Good advice, I think the principle of silhouettes in character design can be expanded a bit more though. But that's for the next article...

Monday, December 8, 2008

Salon Quickie Tip #2: Cleaning Up Line Work in Photoshop

I'm a little proud of this little technique as I came up with it myself.

When cleaning up scanned black and white line work in Photoshop sometimes you miss small spots and gradients that you wouldn't see on the screen but show up when printed. Here's what you can do so you don't miss any spots.

First, you need to separate the black lines from the white background. Do this by going into Channels.

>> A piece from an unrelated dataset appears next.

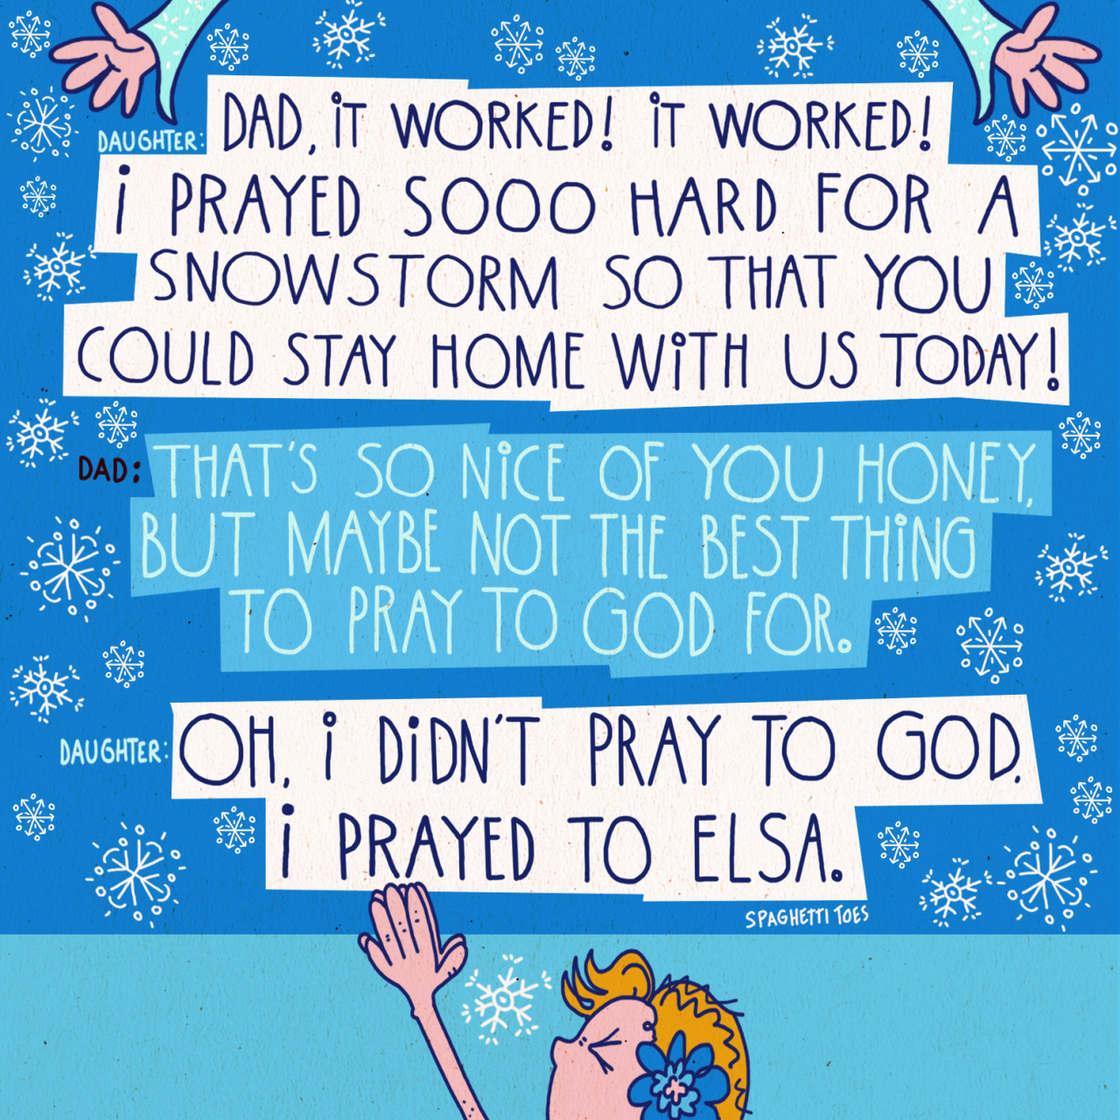 Ce Papa creatif continue d'illustrer les phrases hilarantes de sa petite fille

It doesn't matter if it's CMYK, RGB or Grayscale (I prefer Grayscale) Just hold Ctrl and click the very first channel. You have now selected everything that is white so the next step is Select-Inverse (Shift-Ctrl-I). Now you've selected everything that is black.

Now create a new layer and fill the selection with black. You now have a layer with only black lines. At this point if you were in Grayscale please convert to CMYK or RGB color.

This is where the neat trick comes in. Add Layer Properties-Stroke. (The little fx symbol on the Layers palette)


Any little flecks or scratches you missed now have a red blob around them which makes them much easier to spot. Just erase them and now you have much cleaner art.

Monday, December 1, 2008

Salon Quickie Tip #1: Photoshop New Window

I'm planning to make Quickie Tips a regular series. Whether it's Photoshop, Illustrator, or traditional art techniques feel free to contribute any neat or helpful tricks you've learned over the years.

Here's something I use frequently in Photoshop, New Window.
Tired of zooming in and out while you're painting in Photoshop? Just open another duplicate window resized to show the entire image.

Go to: Window-Arrange-New Window for yourfilename.psd























Tuck this new second window in the corner. You now have two simultaneous views of your work. While you paint in the main window the second window will show the changes too!